Federal Court Simultaneously Rejects and Upholds EEOC’s Positions on Wellness Programs – Rejects Employer’s ADA “Safe Harbor” Defense
In a much anticipated decision, a Wisconsin federal district court has granted Orion Energy Systems, Inc.’s summary judgment on the EEOC’s challenge to its wellness program design. While largely good news for Orion, the ruling creates even more confusion for employers seeking clarity on wellness program design principles. In short, the Court: 1) rejected the EEOC’s claim that the wellness program violated the ADA because it was “involuntary;” 2) upheld the EEOC’s position that the ADA’s “safe harbor” for insurance could not be used to defend the wellness program design; and 3) held there was a triable issue on whether the employer’s termination of an employee who refused to participate in the wellness program was unlawful retaliation under the ADA. The case lives on due to the retaliation claim but many employers are scratching their heads on what the ADA requires for wellness programs going forward.
The EEOC’s complaint alleged that Orion required employees to complete a health risk assessment, as part of the wellness program, or pay 100 percent of their health insurance premiums and retaliated against an employee who declined to participate in the screenings.

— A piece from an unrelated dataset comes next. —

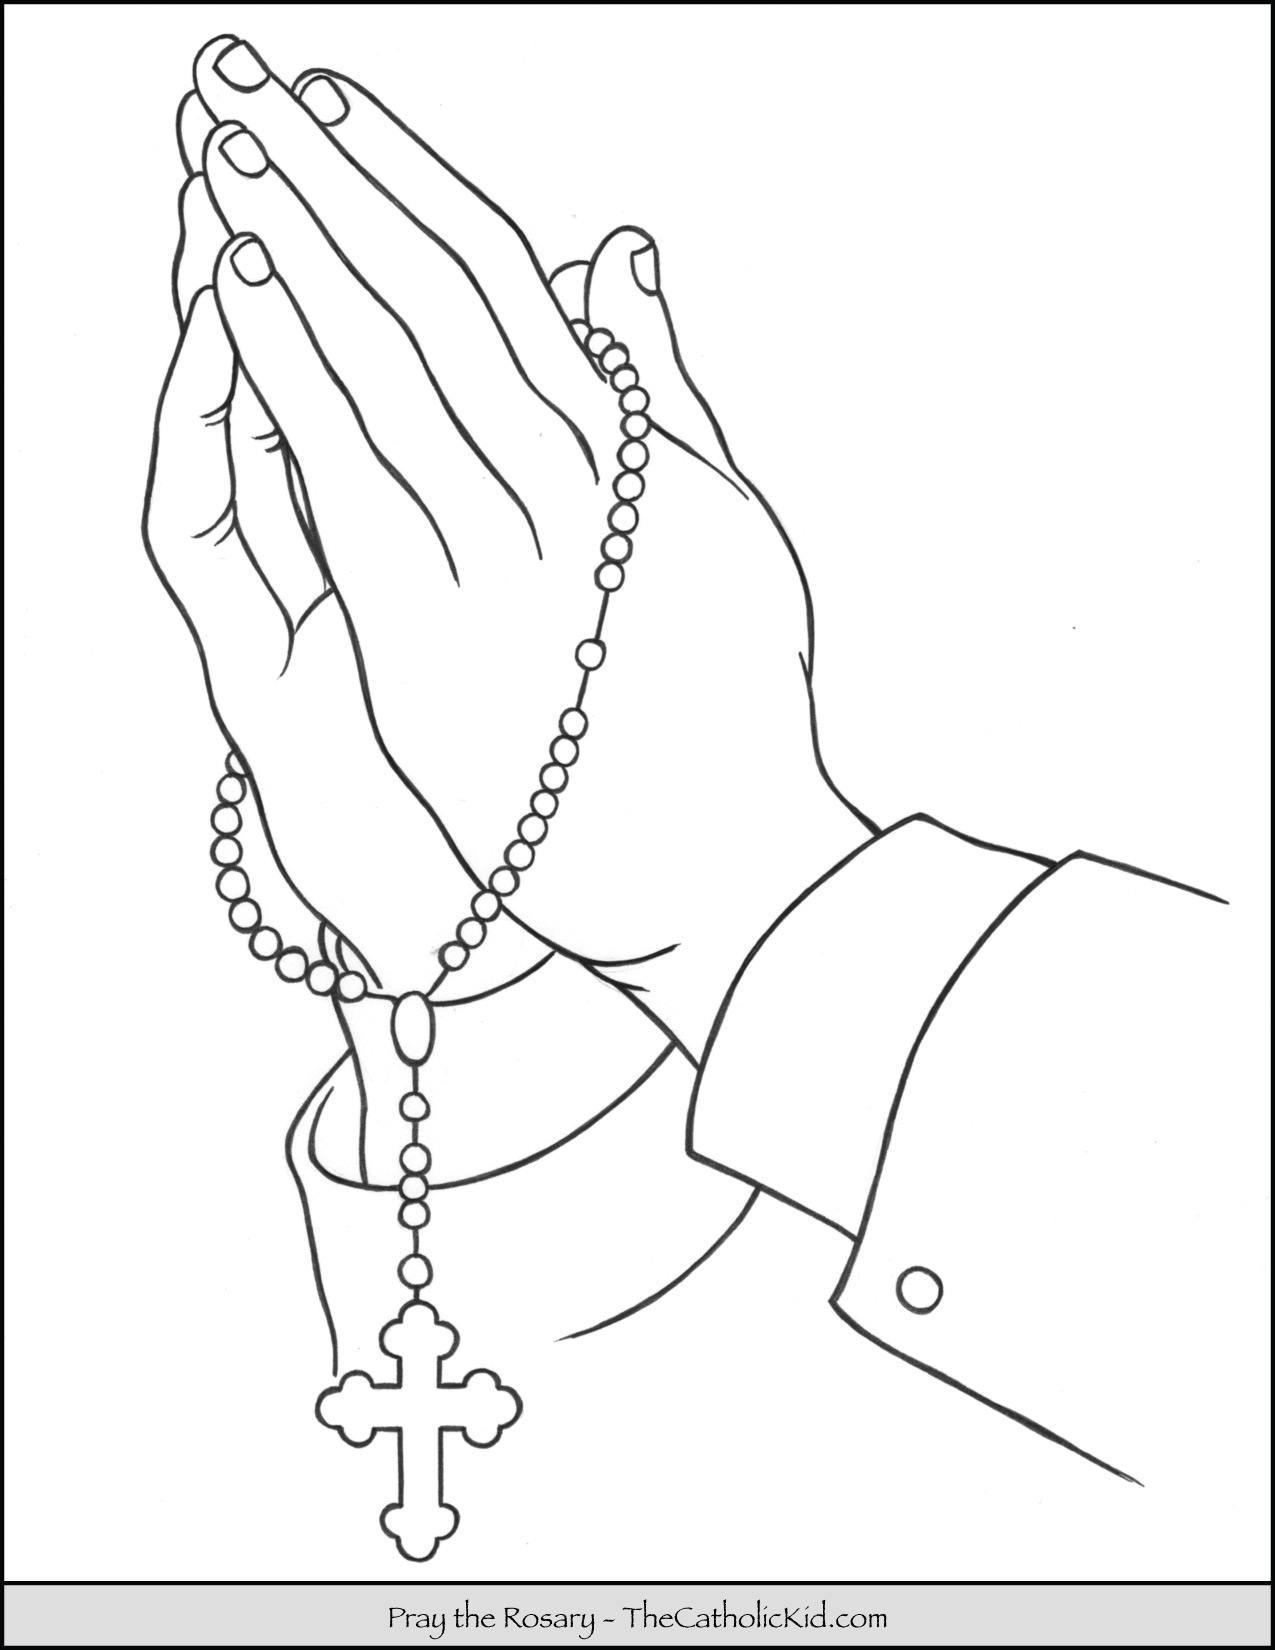 Rosary Coloring Pages - The Catholic Kid

Orion claimed its wellness program was protected by the ADA’s “safe harbor” provision satisfied the ADA requirements of “voluntariness” under 42 U.S.C. §12112(d)(4)(B).

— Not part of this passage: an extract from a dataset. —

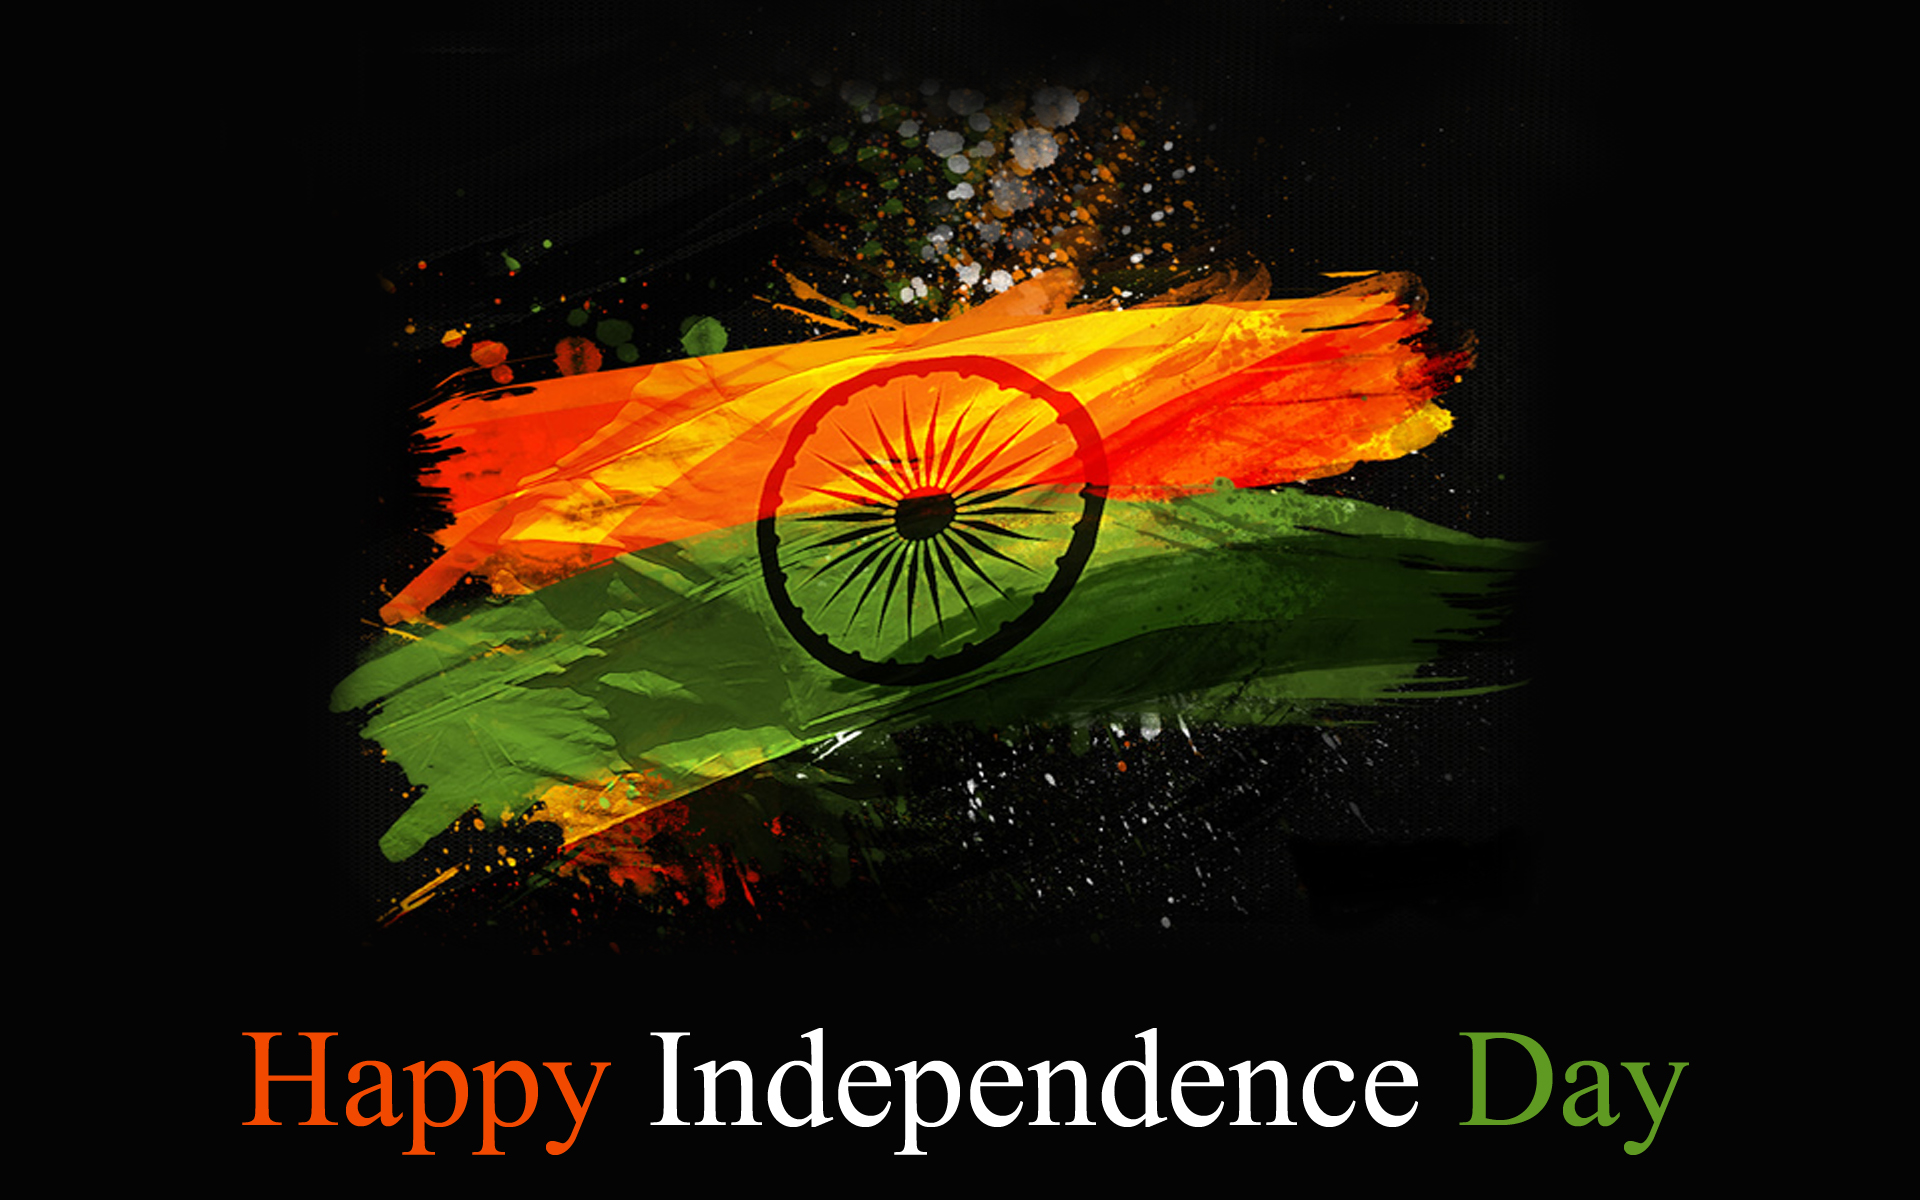 Happy th Independence Day 2021 Wishes, Quotes, Slogans Whatsapp Status Dp

In analyzing whether the ADA’s “safe harbor” provision applies to Orion’s wellness program, the Court applied retroactively the EEOC’s new ADA wellness regulation, which specifically states that the “safe harbor” provision does not apply to wellness programs. This ruling should concern employers who have relied on the ADA’s “safe harbor” provision in designing wellness programs.

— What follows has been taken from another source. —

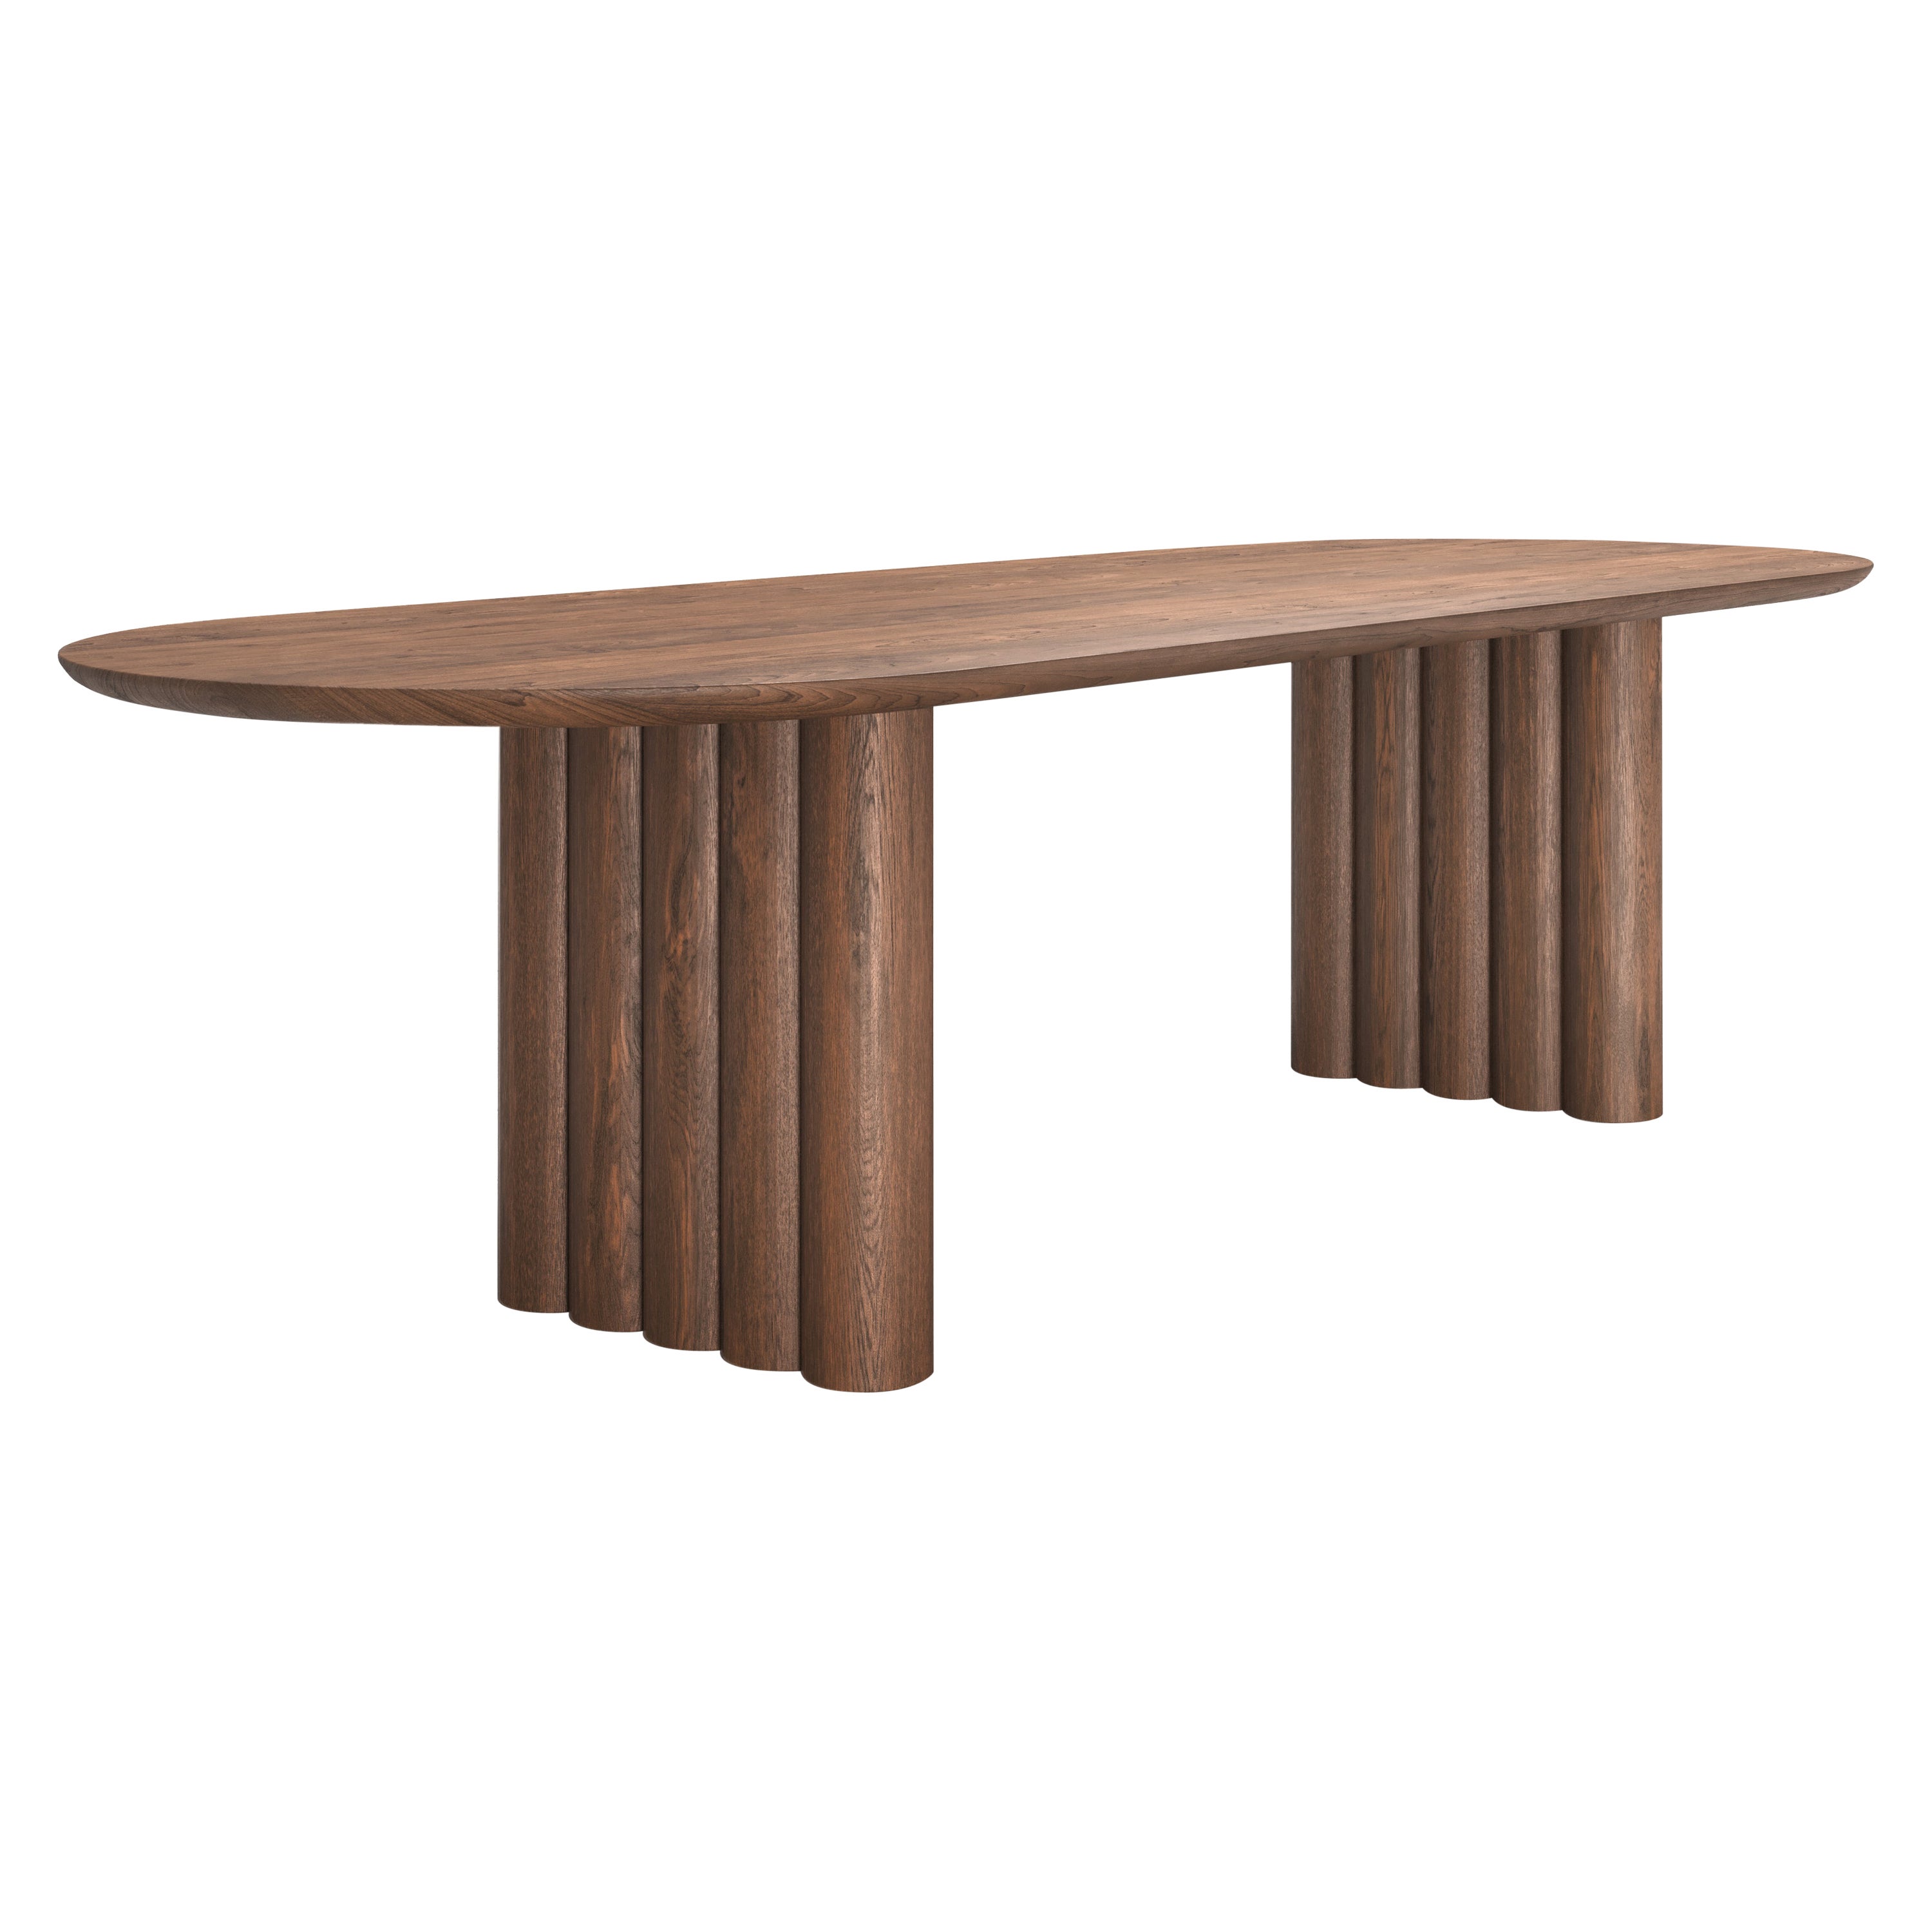 Contemporary Dining Table 'Plush' by Dk3, Smoked Oak or Walnut, 300

However, in a surprising move, the Court concluded, contrary to the EEOC’s position, that the medical inquiries that triggered potential ADA’s protection – the requirement that employees complete a health risk appraisal – were voluntary. Although the Court briefly mentions the 30 percent cap on financial incentives found in the EEOC’s new ADA wellness regulations, because the EEOC did not argue that the cap applied retroactively, the Court did not consider its effect on Orion’s wellness program. Instead, the Court focused on a question the EEOC likely thought was a “slam dunk” – whether requiring employees who chose not to answer the HRA to pay 100 percent of their health premiums rendered the medical inquiries “involuntary.” The Court found that the wellness design was “voluntary” because, while the options of either participating in the screening or pay 100 percent of premiums could be considered a hard choice, it was still a choice and the employee had the option of deciding whether or not to participate in the wellness program without the risk of losing participation in the group health insurance plan. As a result of the determination that participation was optional, the Court held that Orion conducted voluntary medical examinations as part of its wellness program pursuant to 42 U.S.C. § 12112(d)(4)(B).
This ruling renders a completely different result than the decision of the Western District of Wisconsin in EEOC v. Flambeau, Inc. Only time will tell whether the Court’s ruling is followed by other federal courts.